- Diocese: Diocese of Exeter
- In office: 25 September 2024 – present
- Predecessor: Robert Atwell
- Other posts: Director of Mission and Ministry, Diocese of Leicester (2006 to 2016) Bishop of Dunwich (2016–2024)

Orders
- Ordination: 1990 (deacon) 1991 (priest)
- Consecration: 24 February 2016 by Justin Welby

Personal details
- Born: Michael Robert Harrison 7 March 1963 (age 63)
- Spouse: Rachel
- Children: Four
- Alma mater: Selwyn College, Cambridge Ripon College Cuddesdon Union Theological Seminary King's College London University of Bradford

= Mike Harrison (bishop) =

Anglican bishop of Dunwich

Michael Robert Harrison (born 7 March 1963) is a British Anglican bishop who has served as the Bishop of Exeter in the Church of England since 2024. He was previously the Bishop of Dunwich, a suffragan bishop in the Diocese of St Edmundsbury and Ipswich, from February 2016 until September 2024; from 2006 to 2016, he was the Director of Mission and Ministry in the Diocese of Leicester.

==Early life and education==
Harrison was born on 7 March 1963. He studied mathematics and statistics at Selwyn College, Cambridge, and graduated from the University of Cambridge with a Bachelor of Arts (BA) degree in 1984. He then worked in London as a management consultant and a social worker.

Harrison trained for ordination and studied theology at Ripon College Cuddesdon, an Anglican theological college, and graduated with a BA degree in 1989. He then spent a year studying at the Union Theological Seminary in New York City, United States, and graduated with a Master of Sacred Theology (STM) in 1990.

During the early years of his ordained ministry, Harrison also undertook postgraduate research.
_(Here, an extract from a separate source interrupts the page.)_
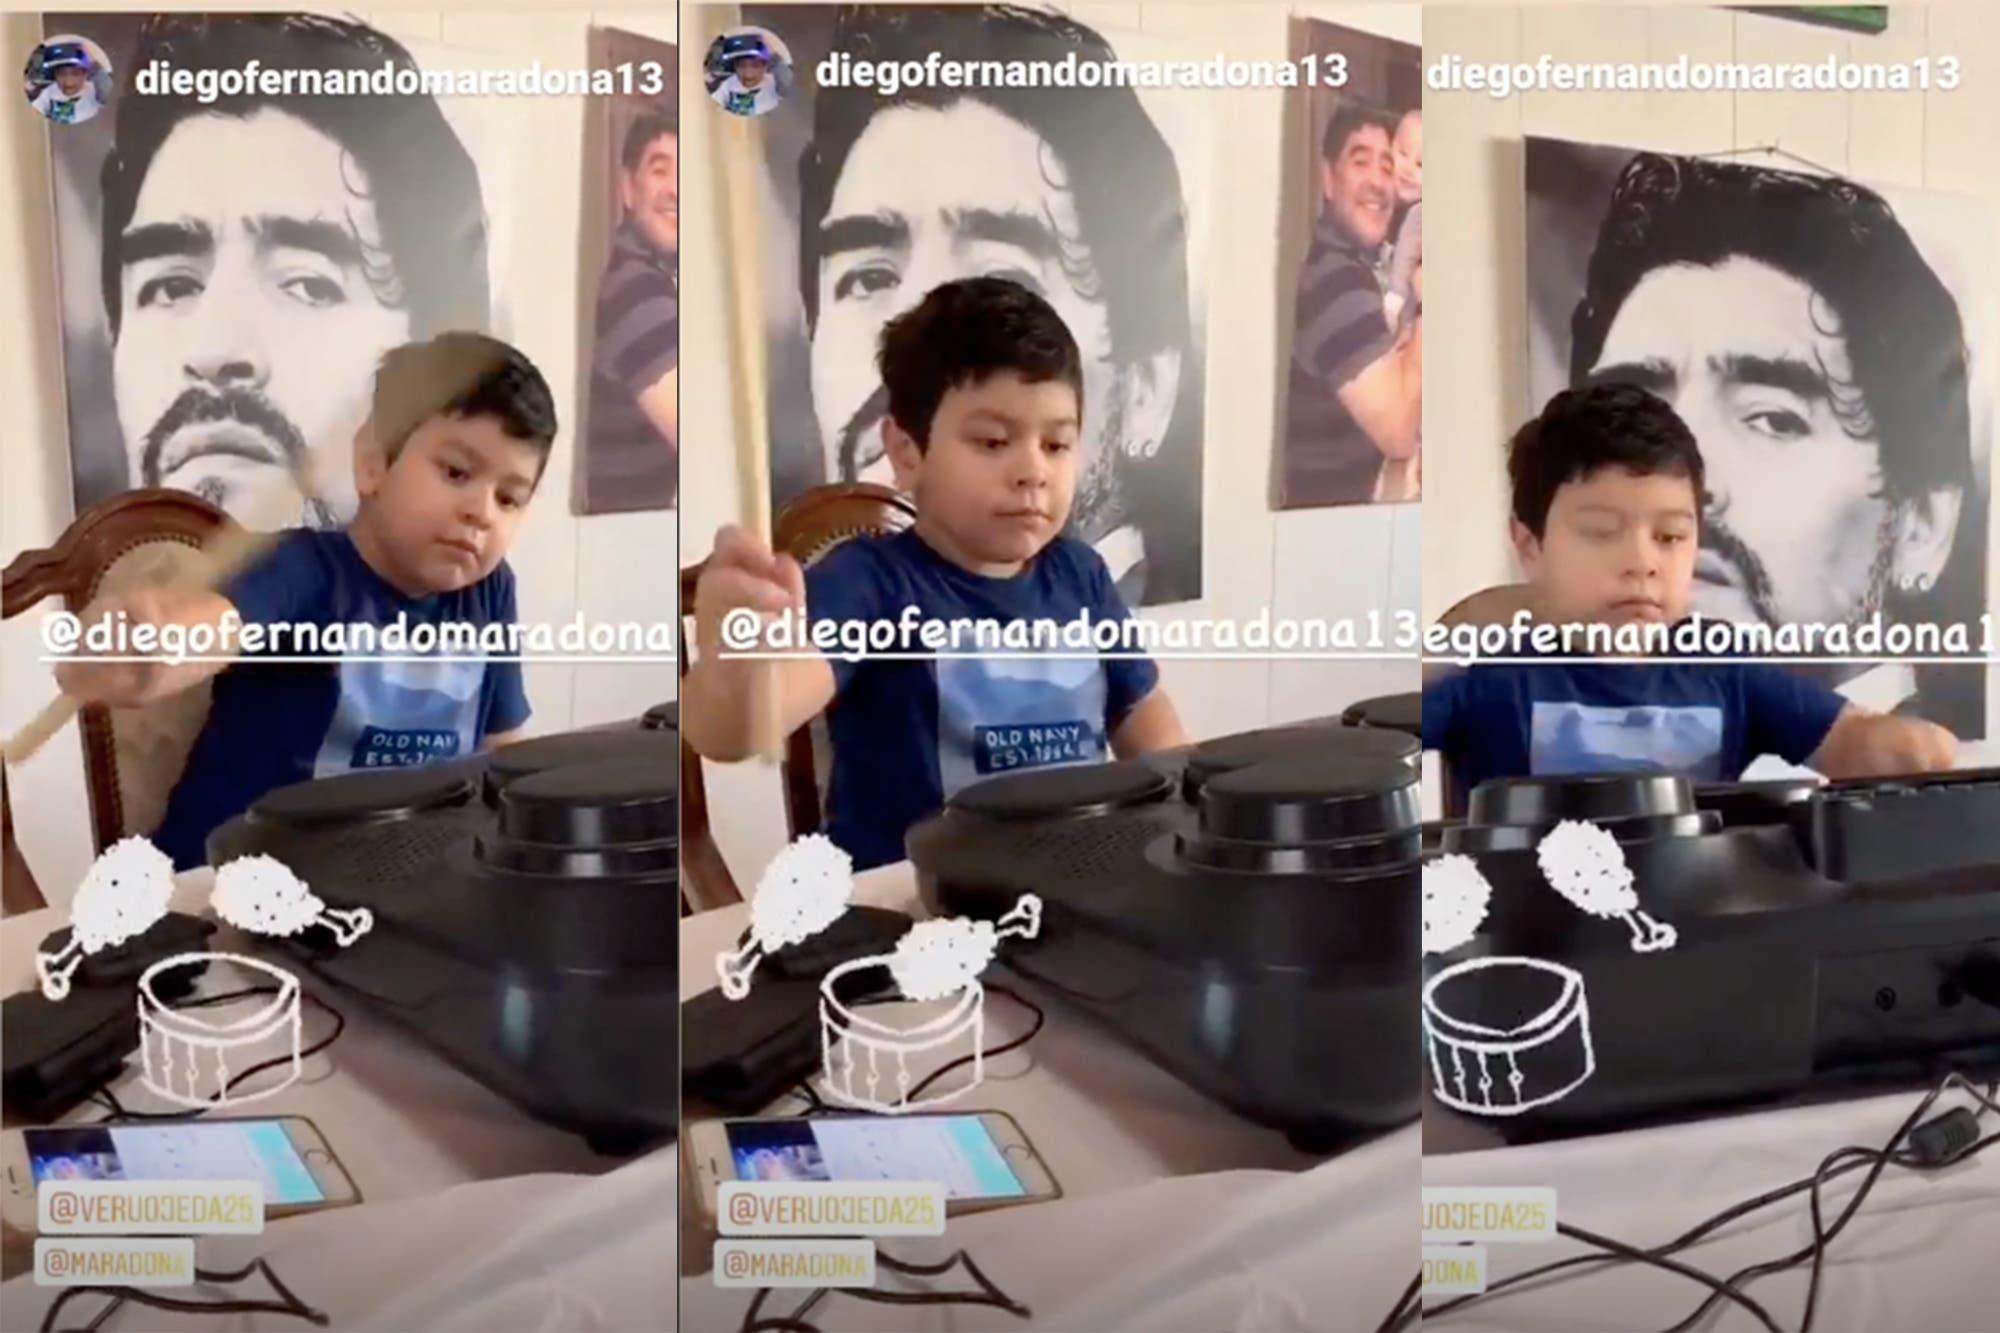 ¿Un Maradona músico?: Dieguito Fernando se divirtió con la batería en Instagram

He studied doctrine at King's College London, and graduated with a Doctor of Philosophy (PhD) degree in 1997. His doctoral thesis was titled "Sharing in the life of God - a study of participation in Christian thought". He studied international development at the University of Bradford, and graduated with a Master of Arts (MA) degree in 1999.

==Ordained ministry==
Harrison was ordained in the Church of England as a deacon in 1990 and as a priest in 1991. From 1990 to 1994, he served his curacy at St Anne and All Saints, South Lambeth, in the Diocese of Southwark. He then moved to the Diocese of Bradford, where he was chaplain to the University of Bradford, and to Bradford and Ilkley Community College. During this time, he also served as the Diocesan World Development Advisor.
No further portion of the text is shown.